Luna introduced the American Privacy Restoration Act, a bill that would repeal the USA PATRIOT Act, a sweeping September 11th, 2001 terrorist bill that drastically expanded government surveillance.

Elizabeth Goitein, Senior Director for the Liberty & National Security program at the Brennan Center for Justice, described how the post-9/11 law dramatically increased warrantless surveillance of Americans’ communications:

In a variety of contexts, it became lawful for the government to collect an American’s sensitive information based merely on a claim that the information was “relevant” to a legitimate purpose, regardless of whether the person was reasonably suspected of wrongdoing. Even for the most sensitive of information, communications content, Congress gave the NSA free rein to collect phone calls, texts, and emails between foreign targets and Americans — communications that previously could not be obtained domestically without a court order based on probable cause.

Ironically, according to Goitein, the increased mass surveillance has not yielded safety benefits:

Also unsurprisingly, there is zero evidence that suspicionless surveillance has made us safer. Consider the NSA’s program of “bulk collection” — the poster child for suspicionless surveillance — in which the agency obtained Americans’ phone records en masse. Two independent reviews found that this program yielded little-to-no counterterrorism benefit.
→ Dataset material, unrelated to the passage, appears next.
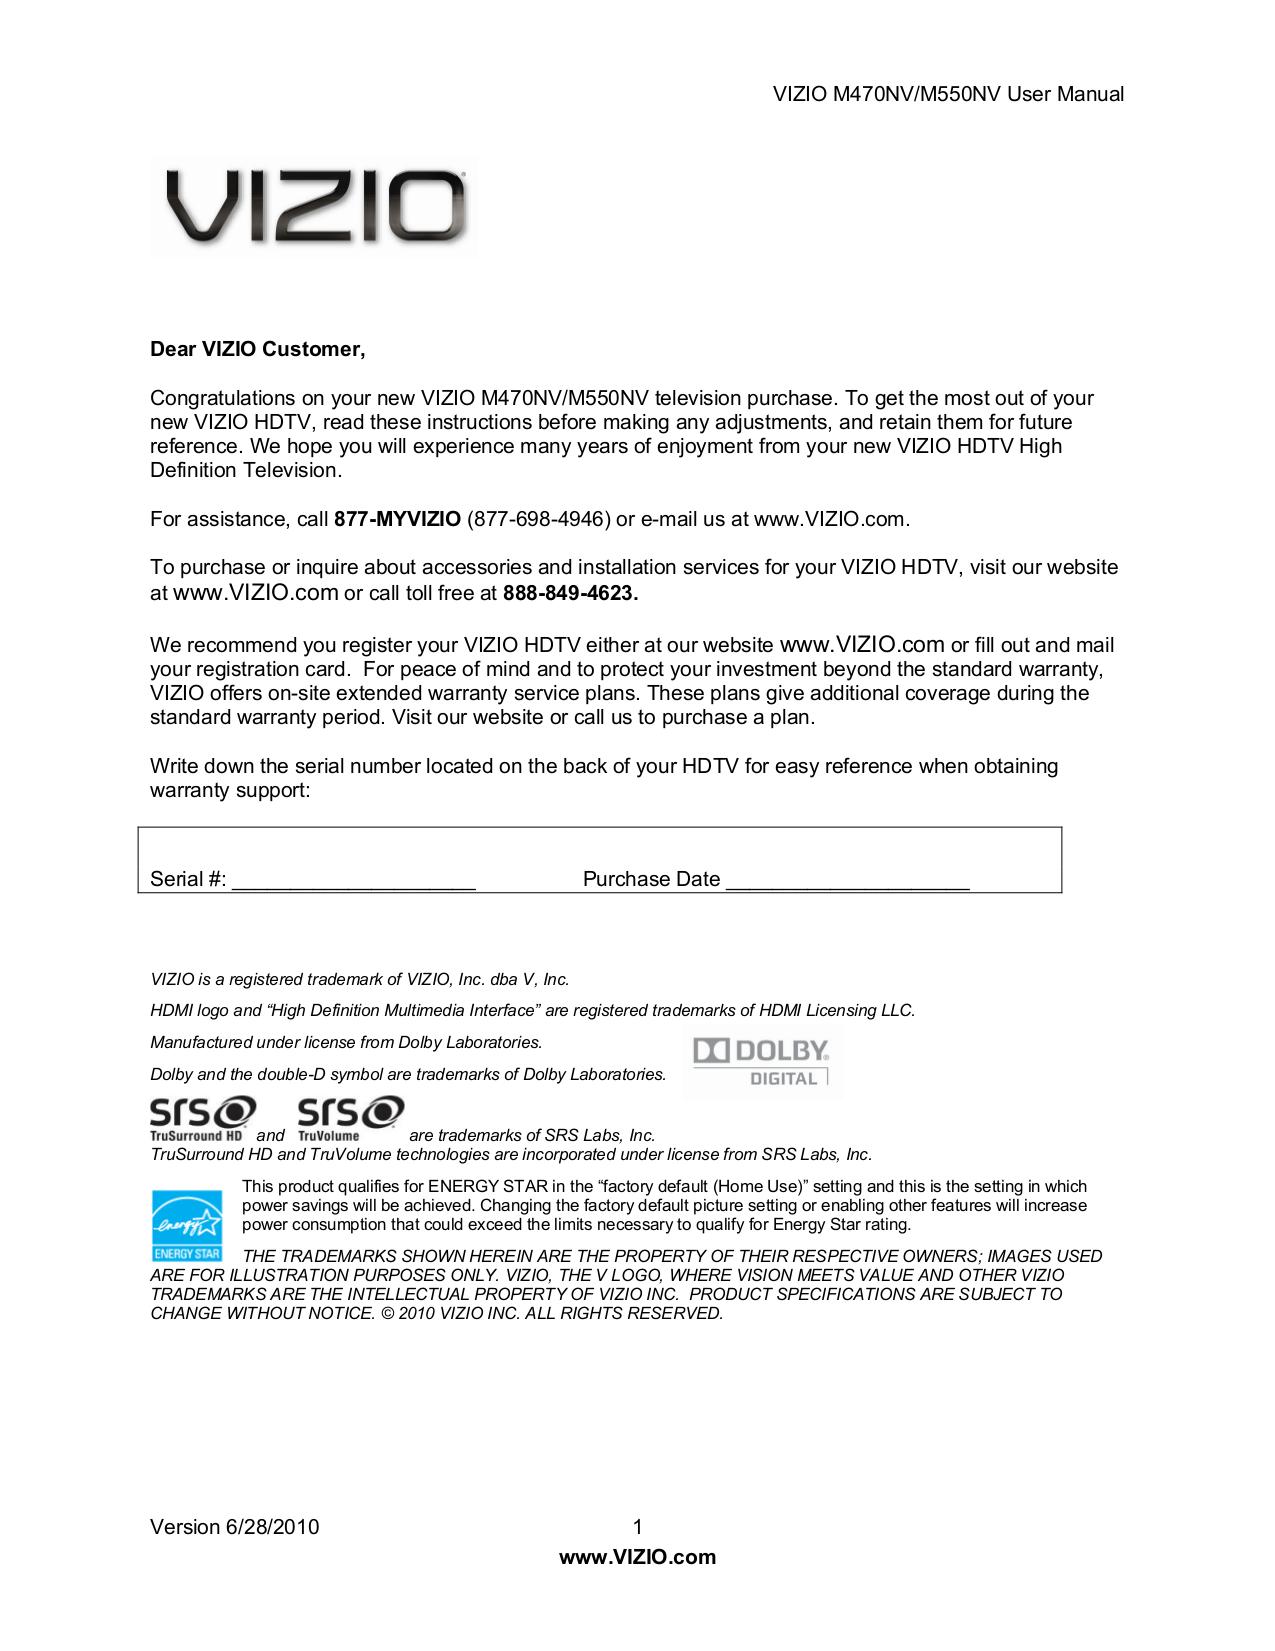 download free pdf for vizio m470nv tv manual rh umlib com vizio m370nv manual Vizio M470NV Razor LED

Indeed, there is evidence that overcollection is counterproductive. Multiple government reviews of domestic terrorist incidents have found that agents missed signs of trouble because those signs were lost in the noise of irrelevant data. [Emphasis added]

“Achieving this goal will require restoring limitations that were stripped out of the law after 9/11, as well as enacting new ones to ensure that Americans’ sensitive information is protected from disclosure regardless of who holds the information or the technology used to capture it,” Goitein wrote about the need to restore pre-9/11 protections for civil liberties.

Luna introduced her legislation as the House Judiciary Committee held a hearing in April on warrantless government surveillance.

House Judiciary Committee Chairman Jim Jordan (R-OH) said, “We need to make sure we win this time. During 2024 debate to reauthorize Section 702 of the Foreign Intelligence Surveillance Act (FISA), privacy-oriented lawmakers nearly passed an amendment to legislation that would have required a warrant for searches of Americans’ communications.”

As Congress inches towards reauthorizing surveillance laws next year, Luna looks to rein in governments’ ability to conduct warrantless searches that trample Americans’ constitutional protections.

“My legislation will strip the deep state of these tools and protect every American’s fourth amendment right against unreasonable searches and seizures. It’s past time to reign in our intelligence agencies and restore the right to privacy. Anyone trying to convince you otherwise is using ‘security’ as an excuse to erode your freedom,” Luna concluded in her statement.